И все же именно с появлением «Трех сестер» к Чехову приходит всеобщее и безоговорочное признание крупнейшего драматурга-новатора. Режиссер и театровед тех лет Н. Эфрос справедливо напишет позднее, что «предыдущие пьесы – путь, а «Три сестры» – достижение, пункт, к которому этот путь привел. И полнее всего можно изучить, понять и оценить Чехова как драматурга новой формы именно по этой пьесе».

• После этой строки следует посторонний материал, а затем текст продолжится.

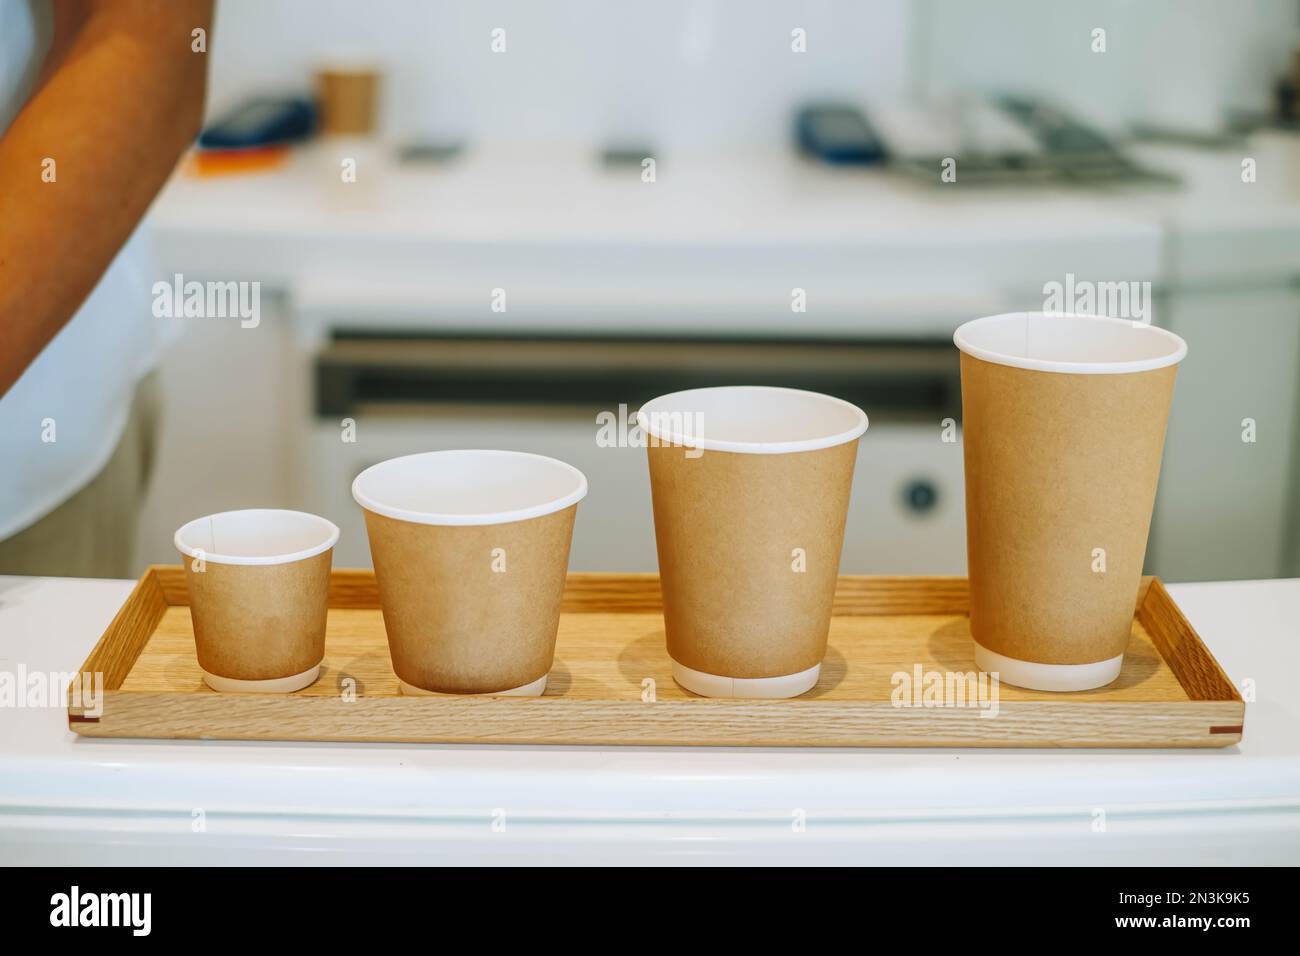 Solución de café ecológica: Cuatro tamaños de tazas de café desechables en  una bandeja de madera. Perfecto para llevar, las tazas están hechas de  cartón y espuma, s Fotografía de stock -

Наиболее чуткие критики сразу восприняли «Трех сестер» как пьесу, в которой драматургическое своеобразие и новаторство Чехова достигло высшей завершенности. И хотя в определении этой «новой формы» опять-таки по инерции проскальзывали «нет» и «не», подлинная сценическая канва чеховских пьес была схвачена. Критика отмечала, что «вся сила и интерес «Трех сестер» – не в фабуле, которая, как всегда у Чехова-драматурга, незначительна, без сложных внешних перипетий… а в общей атмосфере», что «драма построена не на движении внешних событий, а на тонких движениях души», что – дадим слово крупнейшему театральному критику той поры А. Р. Кугелю – Чехов изобразил жизнь не «логическим кругом друг друга обусловливающих действий, связанных единством интриги», а как «что-то сырое, неуклюжее, бесформенное». Немирович-Данченко, закончив режиссерскую разработку «Трех сестер», написал автору: «… фабула развертывается как в эпическом произведении… среди простого, верно схваченного течения жизни».